In a recent opinion piece in the journal Nature, ROBERT MACCOUN and SAUL PERLMUTTER argue that “blind analysis” techniques, originally developed in particle physics, could be useful for the social sciences as well. For example, in testing whether X affects Y, the data would be manipulated by a third party in such a way that the researcher would not be able to determine the true relationship. Instead, the researcher would develop the data and estimation procedures that they judged to be most likely to produce an accurate outcome. Only after the researcher signed off on the data and estimation procedures, would they be allowed to see the result. To read more, click here.
What’s the International Initiative for Impact Evaluation (3ie) doing in the replication business? 3ie is mostly known in the development community as a funder of impact evaluations and systematic reviews. But our leadership always envisioned a role for replication research within 3ie’s mandate to provide high quality evidence for policymaking. We designed 3ie’s replication programme to encourage internal replication studies of influential, innovative, or controversial development-related impact evaluations. Through two rounds of replication windows we’ve funded 10 replication studies to date, including the highly discussed replication research around deworming treatments in Kenya (for a related news item in TRN, click here). So here’s what 3ie is doing in the replication business.
Our processes are designed to address common criticisms of replication research (with this blog borrowing from a forthcoming paper we’re writing about it). Selection of replication-eligible studies is fraught with insinuations of improper selection, with replication researchers supposedly only choosing to replicate studies they feel confident they can disprove. We address that criticism by creating different eligibility mechanisms, such as choosing studies based on a crowdsourced Candidate Studies List and gathering a committee of experts to judge the policy relevance of each replication study proposal.

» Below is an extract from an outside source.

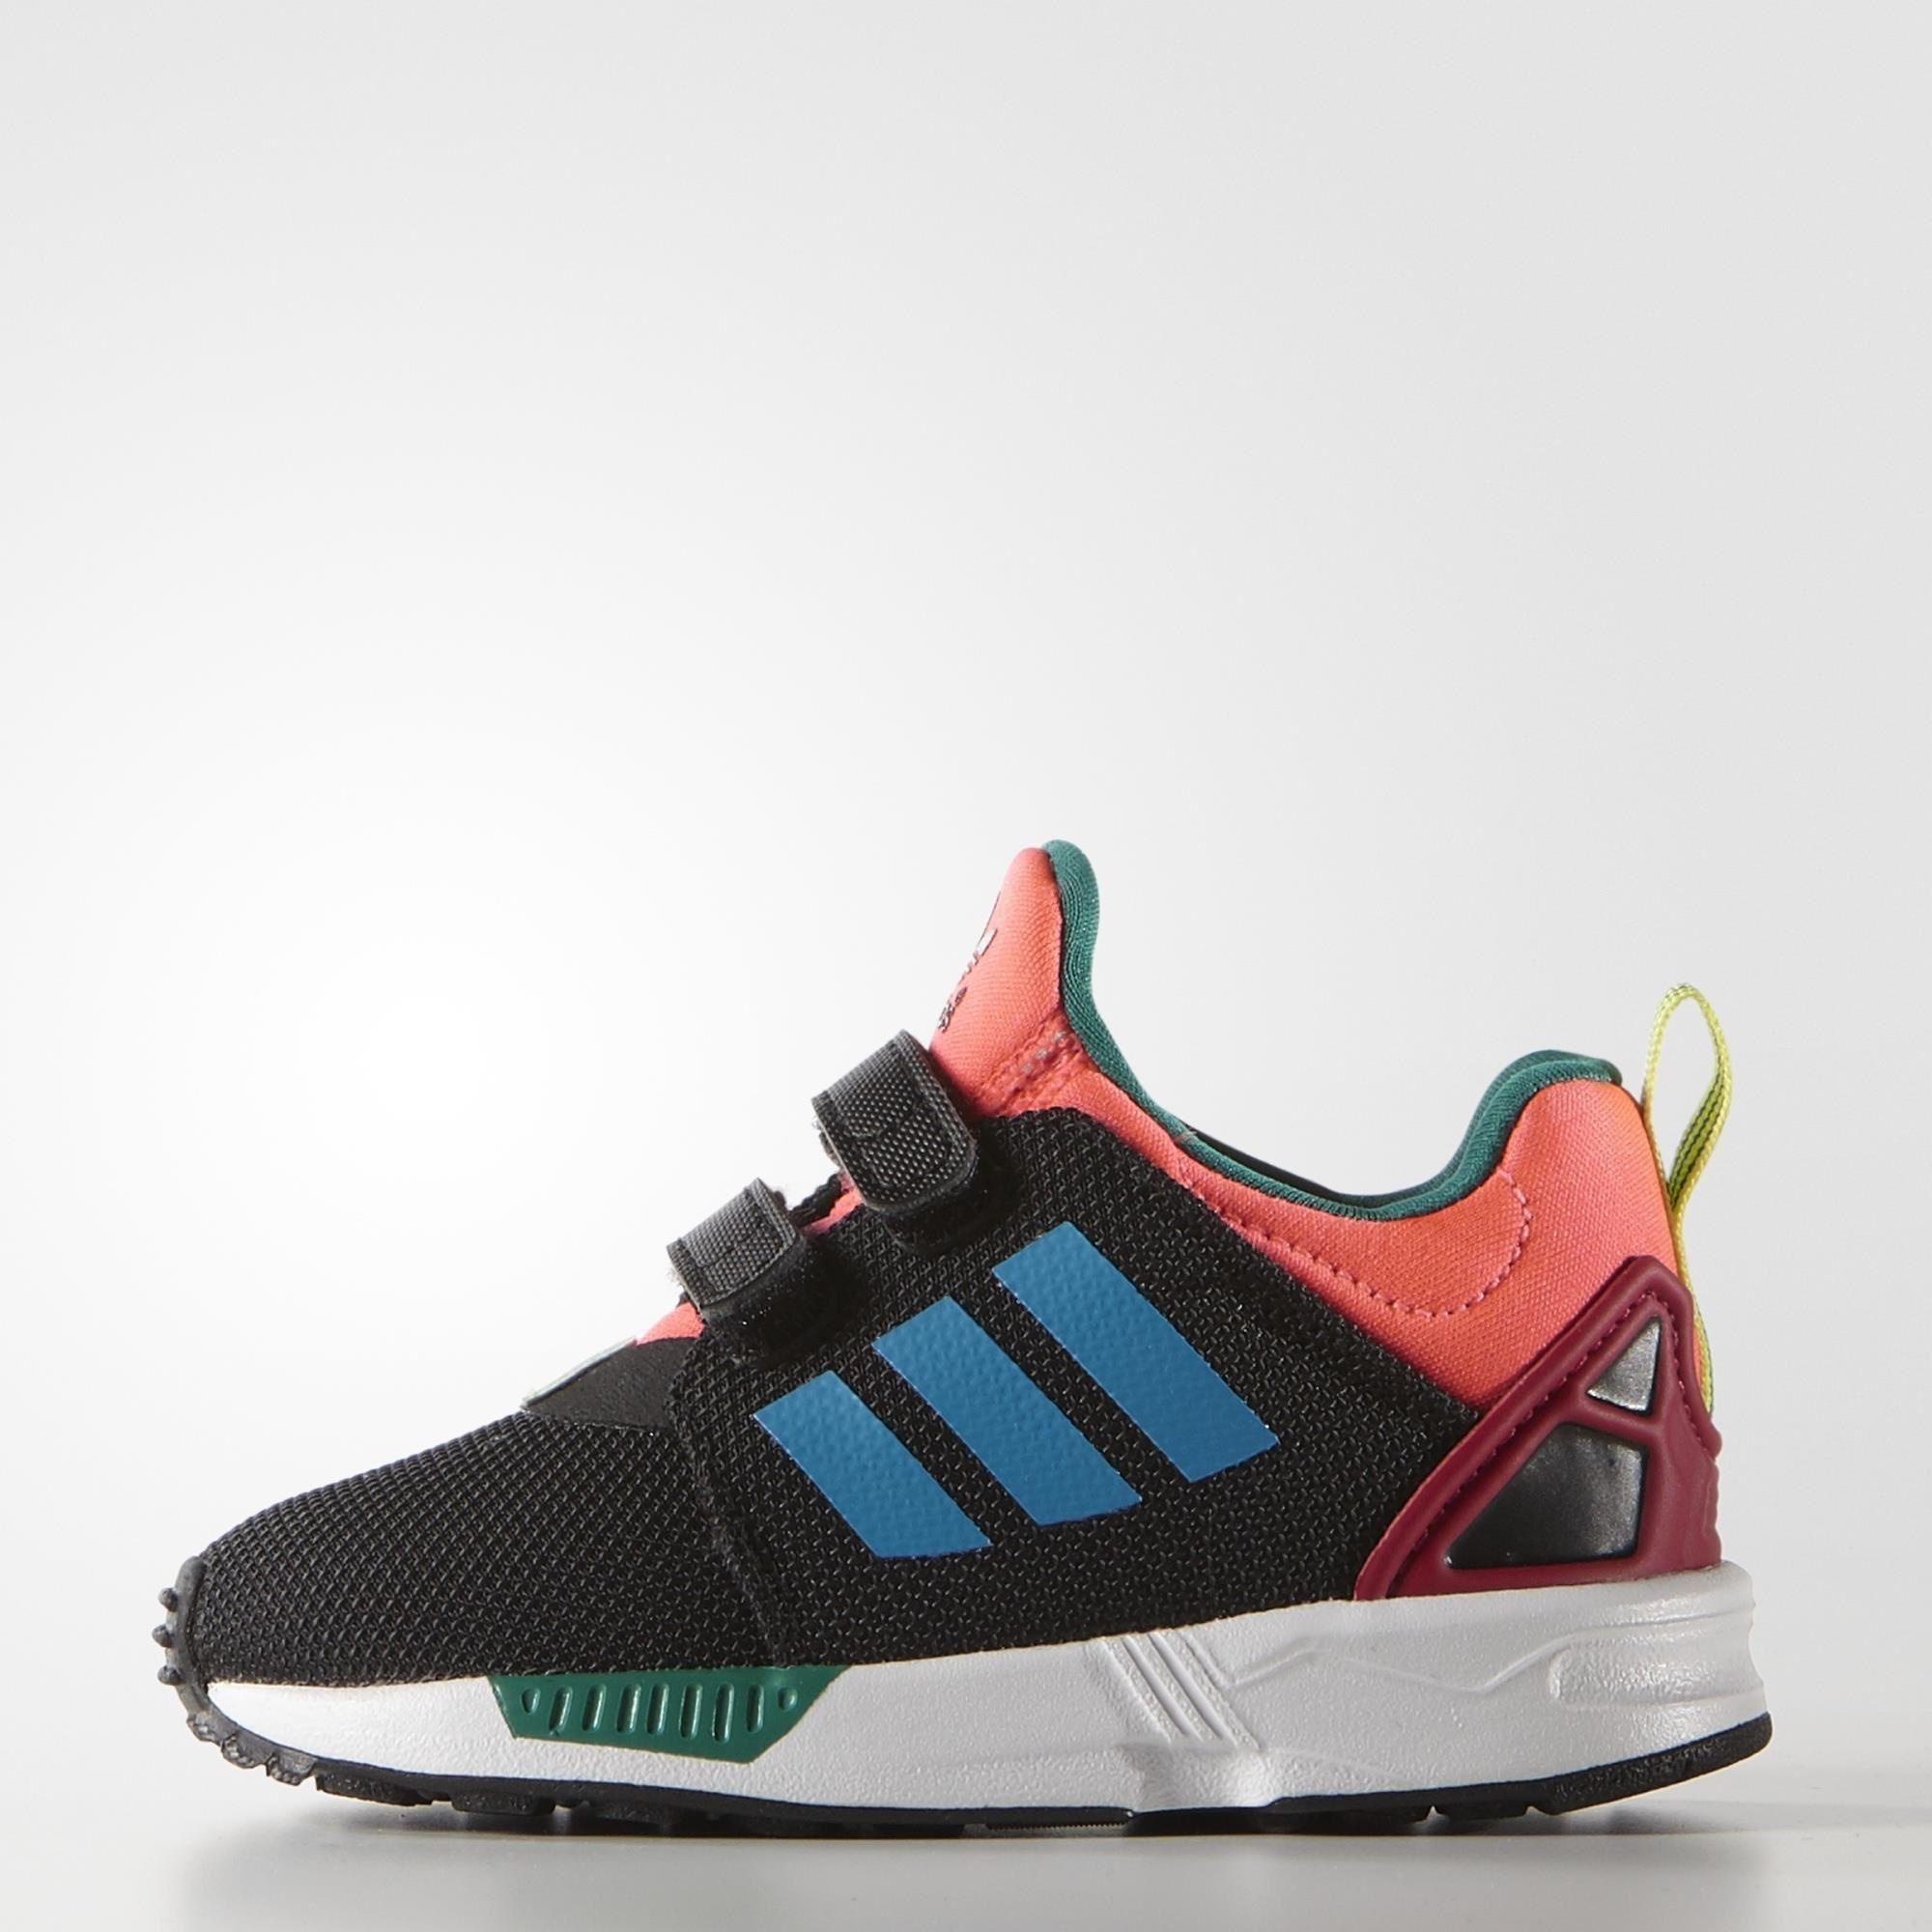 adidas zx flusso stranezza scarpe - adidas australia - scarpe nero pn e4a159
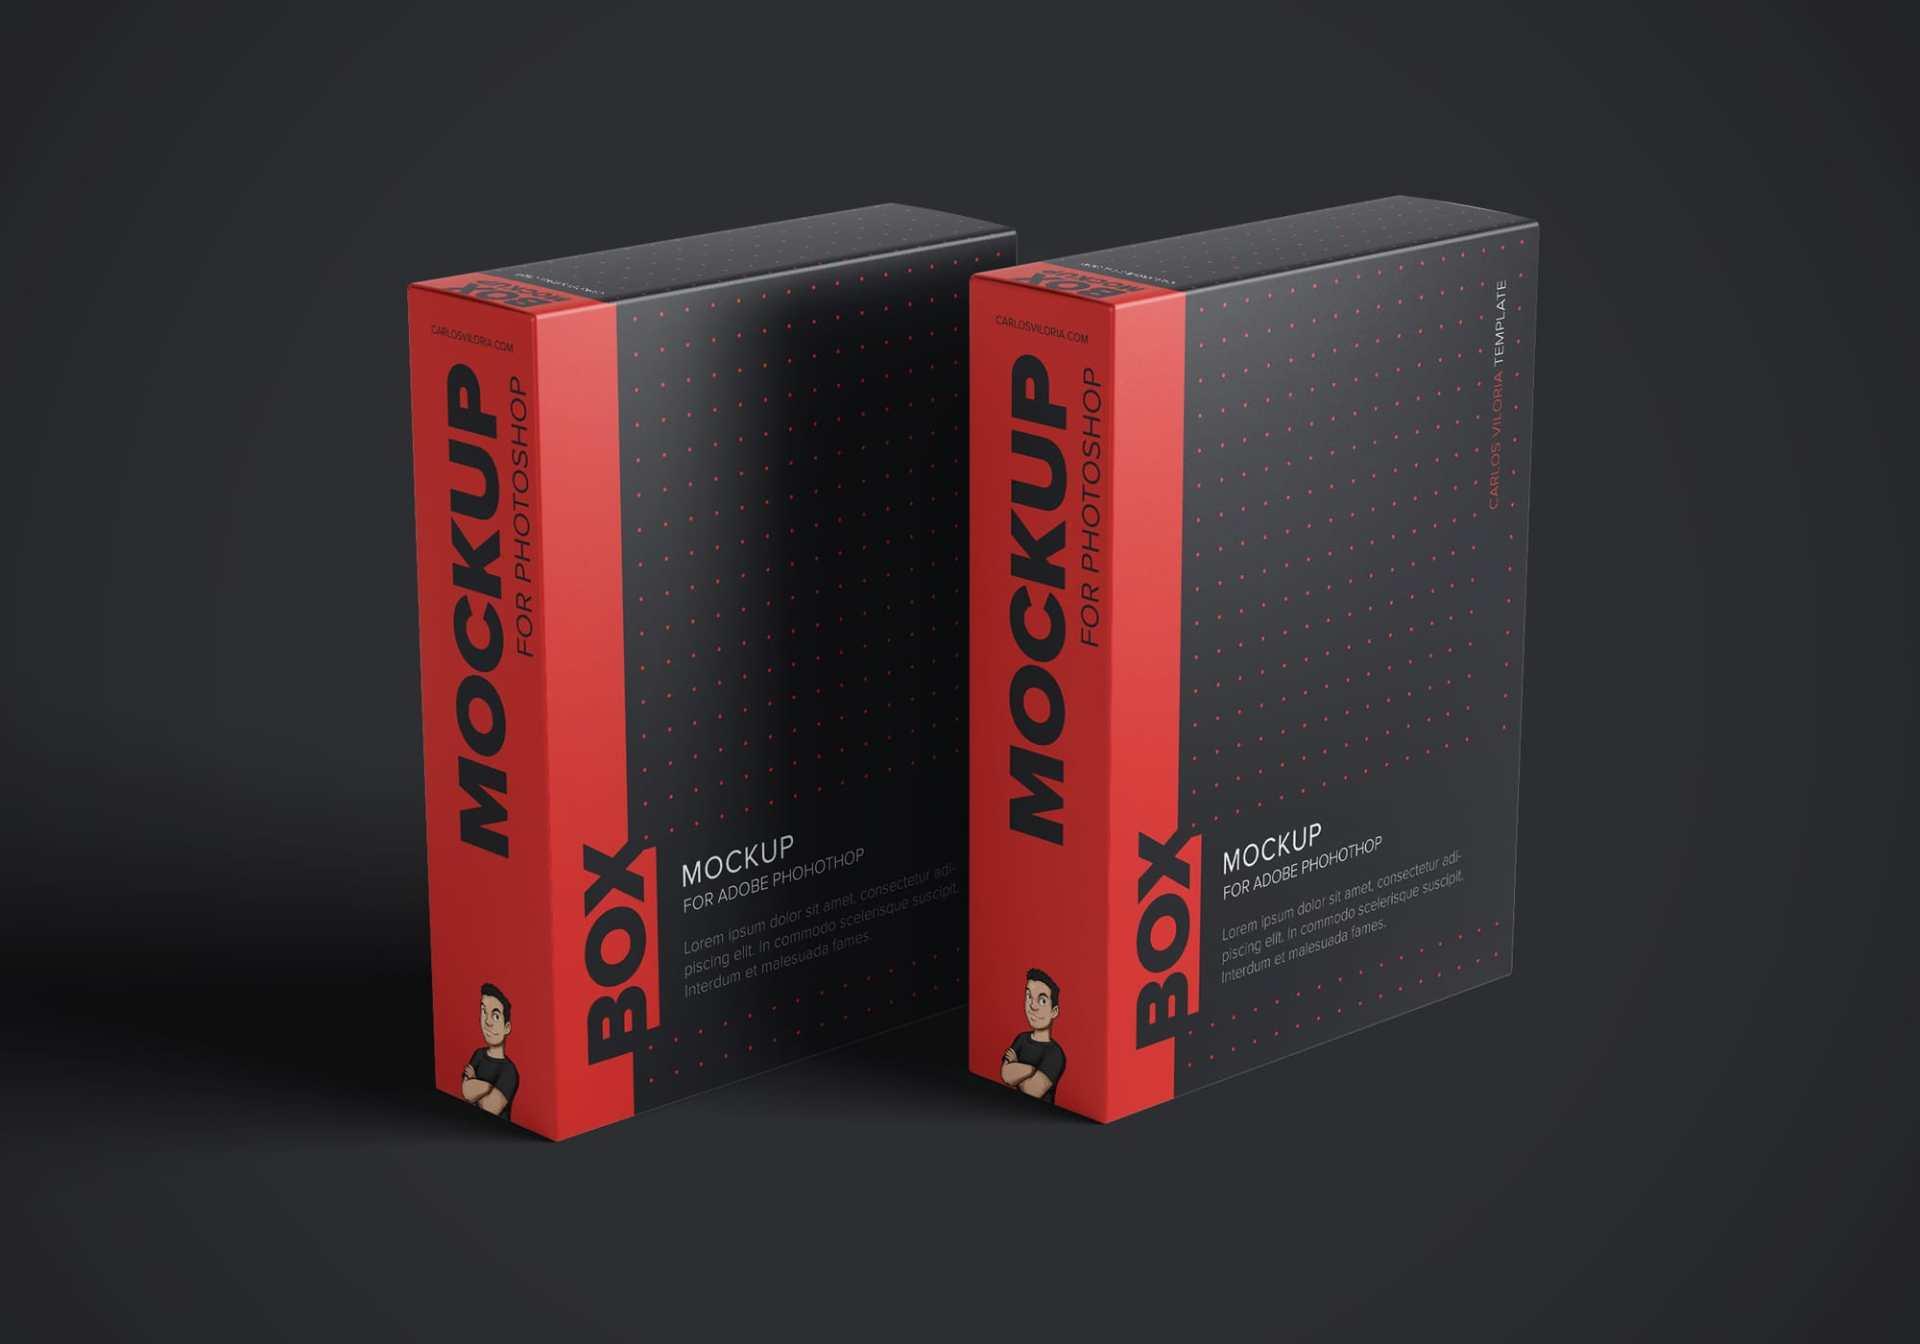 Free Software Box Mockup Pack

One of the biggest concerns regarding replication research is researcher incentives. If bias exists for original authors to discover a new result, it can also exist for replication researchers to disprove the established result. To address this concern, we require all replication researchers to post replication plans, which allow readers to know how the researchers intended to undertake their replication study before starting the research. Ideally all robustness tests conducted in the replication paper will be publicly pre-specified in these replication plans.
In an attempt to further defuse replication tensions, we encourage engagement between the replication researchers and the original authors. We require 3ie-funded replication researchers to include a “pure replication,” and to share these results early in the replication process. In the pure replication, the researchers attempt to reproduce the published results using the same data and methods as in the publication. We then require these replication researchers to share their findings with the original authors before completing their study, giving the original authors the opportunity to reply to the direct reproduction of their work before any results are finalized.
Original authors are understandably sensitive to replication researchers who (in their opinion) solely aim to discredit their work. 3ie’s replication process includes multiple rounds of internal and external referring, including reviews of replication plans, pure replications, and draft final replication reports (see our peer reviewing replication research blog for more detail).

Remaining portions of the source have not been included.